On issues of intermarriage, Korsia has also shown himself to be more accepting than his predecessors. Those he calls the seed of Israel “should be brought into the fold,” even though such children are not considered Jewish under Orthodox Jewish law.

And though he says the process that such individuals need to undergo before they can marry Jewish should remain unchanged, Korsia rejects the use of the word “conversion” to describe it.

“In such cases we’re talking about regularization, not conversion, because that’s like saying that they are not Jewish, and that’s not entirely true,” the rabbi said.

Such notions are bound to irk traditionalists, according to Jean-Claude Lalou, who heads the progressive Future of Judaism group. Lalou says there are still no signs of genuine resistance to Korsia within the Consistoire, “perhaps because Rabbi Korsia has not yet applied these ideas.”

If such opposition does materialize, it wouldn’t be the first time. In 2004, then chief rabbi Joseph Sitruk forced Korsia, at the time an adviser to Sitruk, to cancel a planned trip to Auschwitz with the comedian Dieudonne M’bala M’bala.

Diuedonne has been convicted multiple times of inciting hate against Jews and become an international icon for anti-Semites and Holocaust deniers. But Korsia thought the trip “could turn Dieudonne around.” Sitruk saw the matter differently and overruled him.

“Maybe Dieudonne would be a different person today had the trip been allowed to happen,” said Lewin, Korsia’s friend. “Now we’ll never know.”

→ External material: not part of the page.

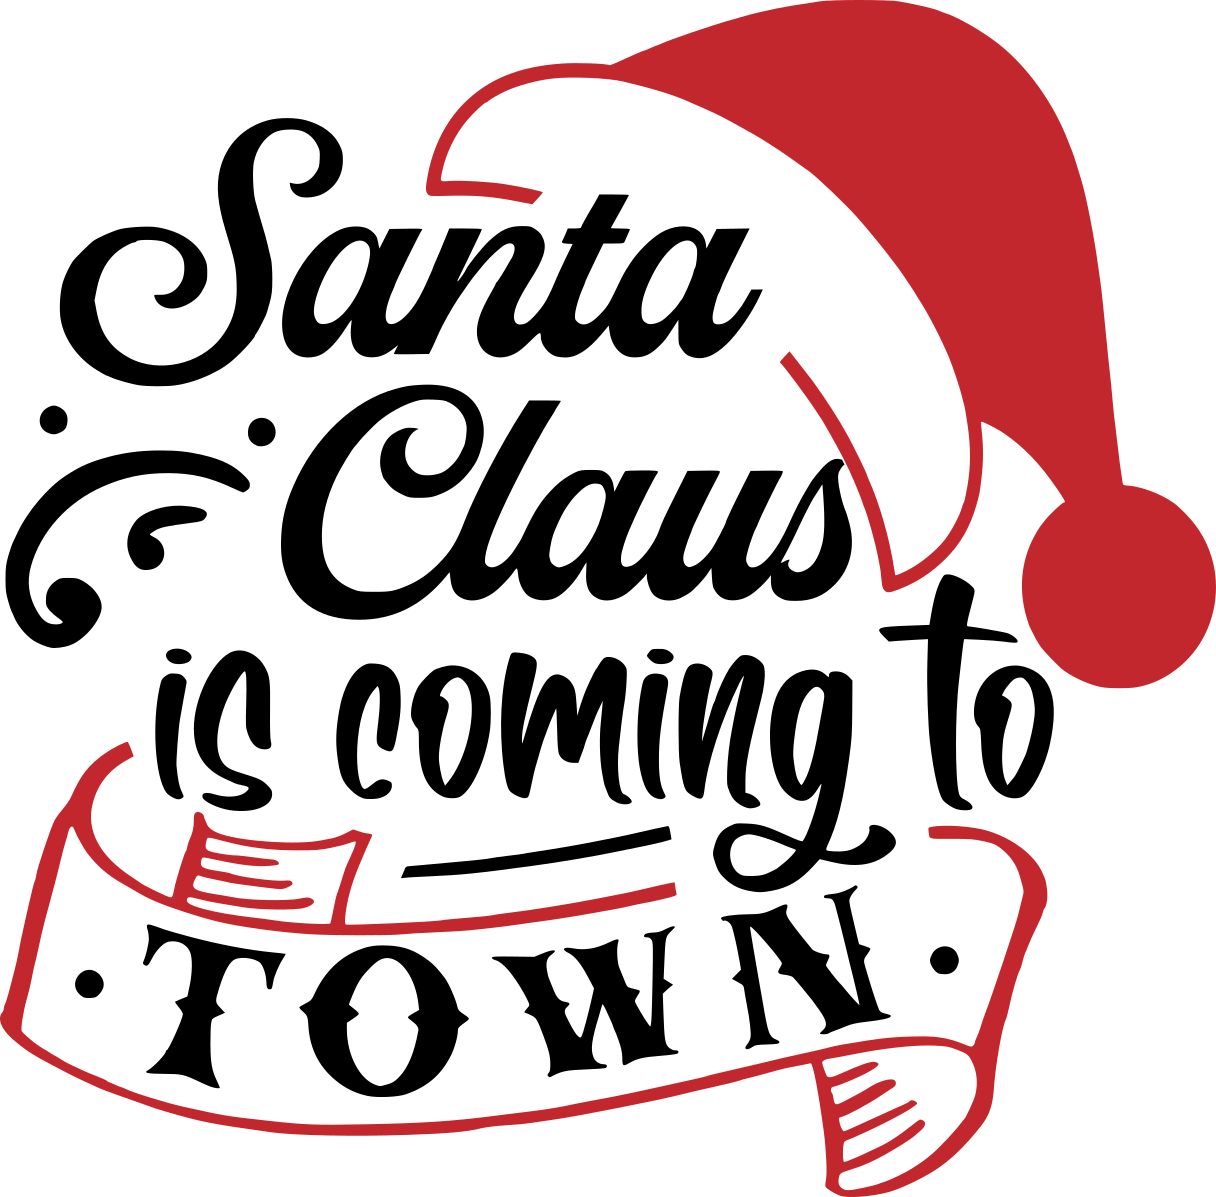 santa-claus-is-coming-to-town

Dieudonne’s provocations are believed to be one of the catalysts of a near doubling of anti-Semitic incidents in France in the first seven months of 2014 compared to the corresponding period last year. That increase, in turn, is among the causes of a record level of immigration by French Jews to Israel. For the first time in decades, more than 5,000 of them arrived in 2014.

But Korsia, who declined to speak about his family except to say that all his children live in France, sees a silver lining, fostering more unity among those who remain. As for those who leave, he believes many will return.

“Take it from me, being French is not something you can easily put aside,” he said. “Even if you try.”